Complete step by step solution:
Integration: It can be defined as the process of finding the antiderivative. It is used to find many quantities like area, volume etc. integral is of two types
Indefinite integrals: In which lower and upper values are not defined and therefore, we use a constant term in the end.
Definite integration: In which lower and upper values are defined and there is no need to mention a constant term in the end. It gives a finite value.
As given in the question$\int{{{\sin }^{3}}x{{\cos }^{3}}x} dx$ we rearrange the terms and rewrite the integral term as I=$\int{{{\sin }^{3}}x{{\cos }^{2}}x\cos x} dx$ and now we substitute the value of cos$^{2}x$as (sin$^{2}x+{{\cos }^{2}}x=1$ $\Rightarrow {{\cos }^{2}}x=1-{{\sin }^{2}}x$).
After substituting the value of cos$^{2}x$ our integral becomes: I=$\int{{{\sin }^{3}}x}(1-{{\sin }^{2}}x)\cos x$dx after that we substitute the value of sinx = t then on differentiating both sides it becomes cosx dx = t dt.
Integral terms become I = $\int{{{t}^{3}}(1-{{t}^{2}})dt}$ and after simplification it becomes $\int{{{t}^{3}}-{{t}^{5}}dt}$after integration it becomes $\dfrac{{{t}^{4}}}{4}-\dfrac{{{t}^{6}}}{6}+c$( where c is any constant value).
Now we substitute the value of $t$ from above i.e., sinx.
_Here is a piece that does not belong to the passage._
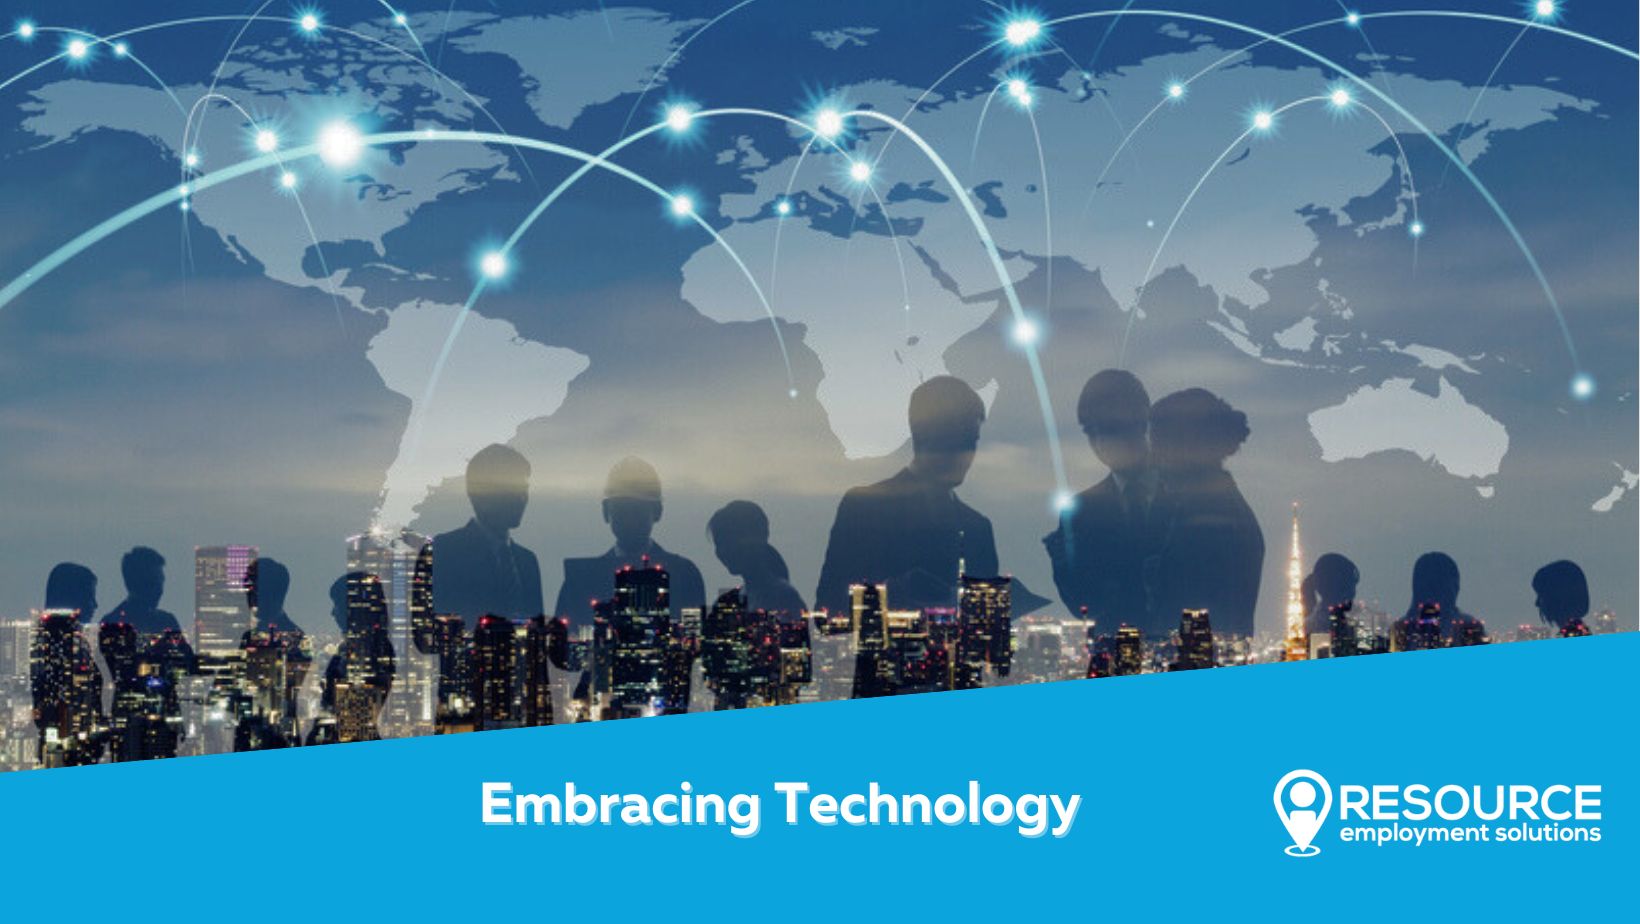 Embracing Technology: Building a Global Workforce Through Remote Collaboration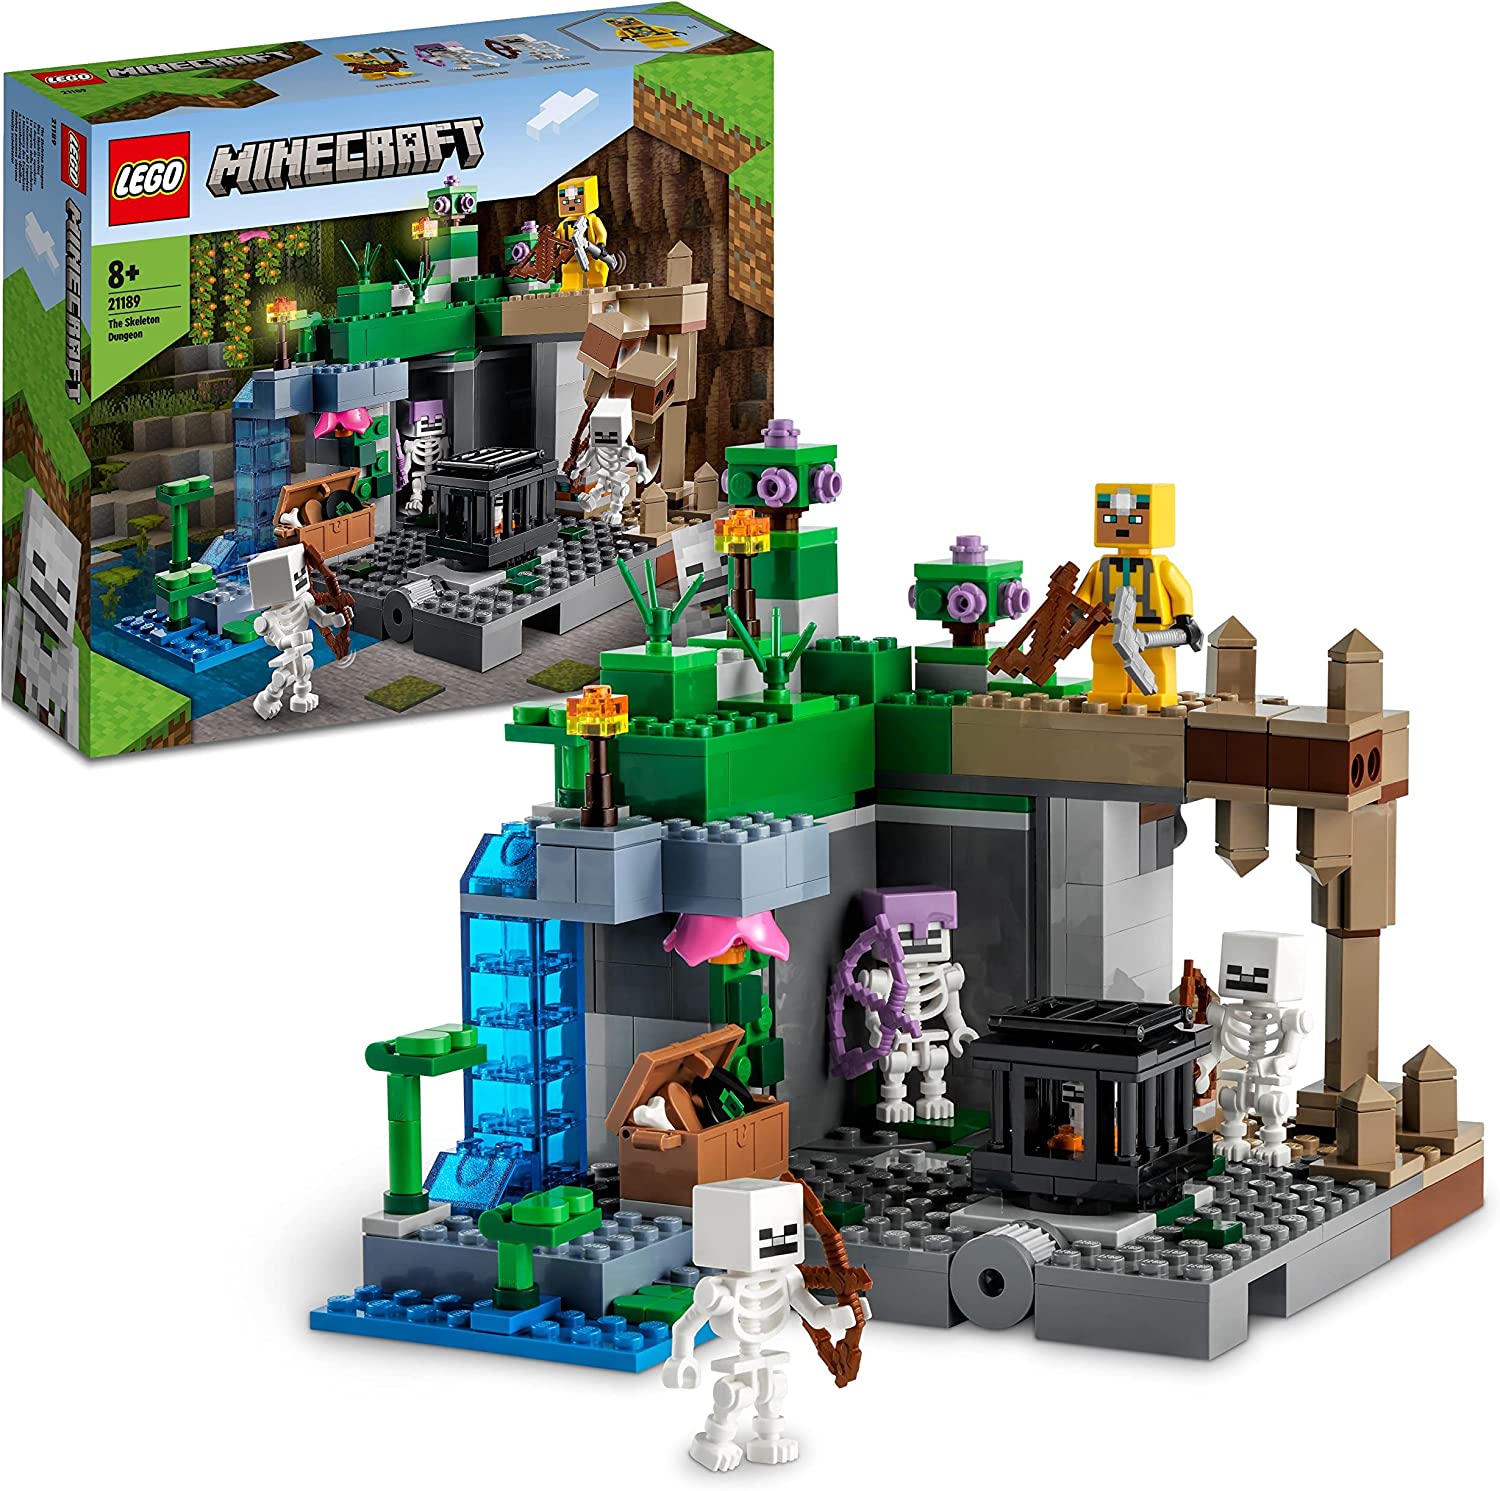 LEGO 21189 Minecraft The Skeleton Fleece Set with Caves, Skeleton Figures, Enemy Creatures and Accessories, Toys for Children

Integral becomes I = $\dfrac{{{\sin }^{4}}x}{4}-\dfrac{{{\sin }^{6}}x}{6}+c$( where c is any constant term).

Note:
You should remember the formula of some basic integration like sinx , cosx , x$^{n}$etc. and know the method of integration by substitution , and after you can easily manipulate the terms and find the result.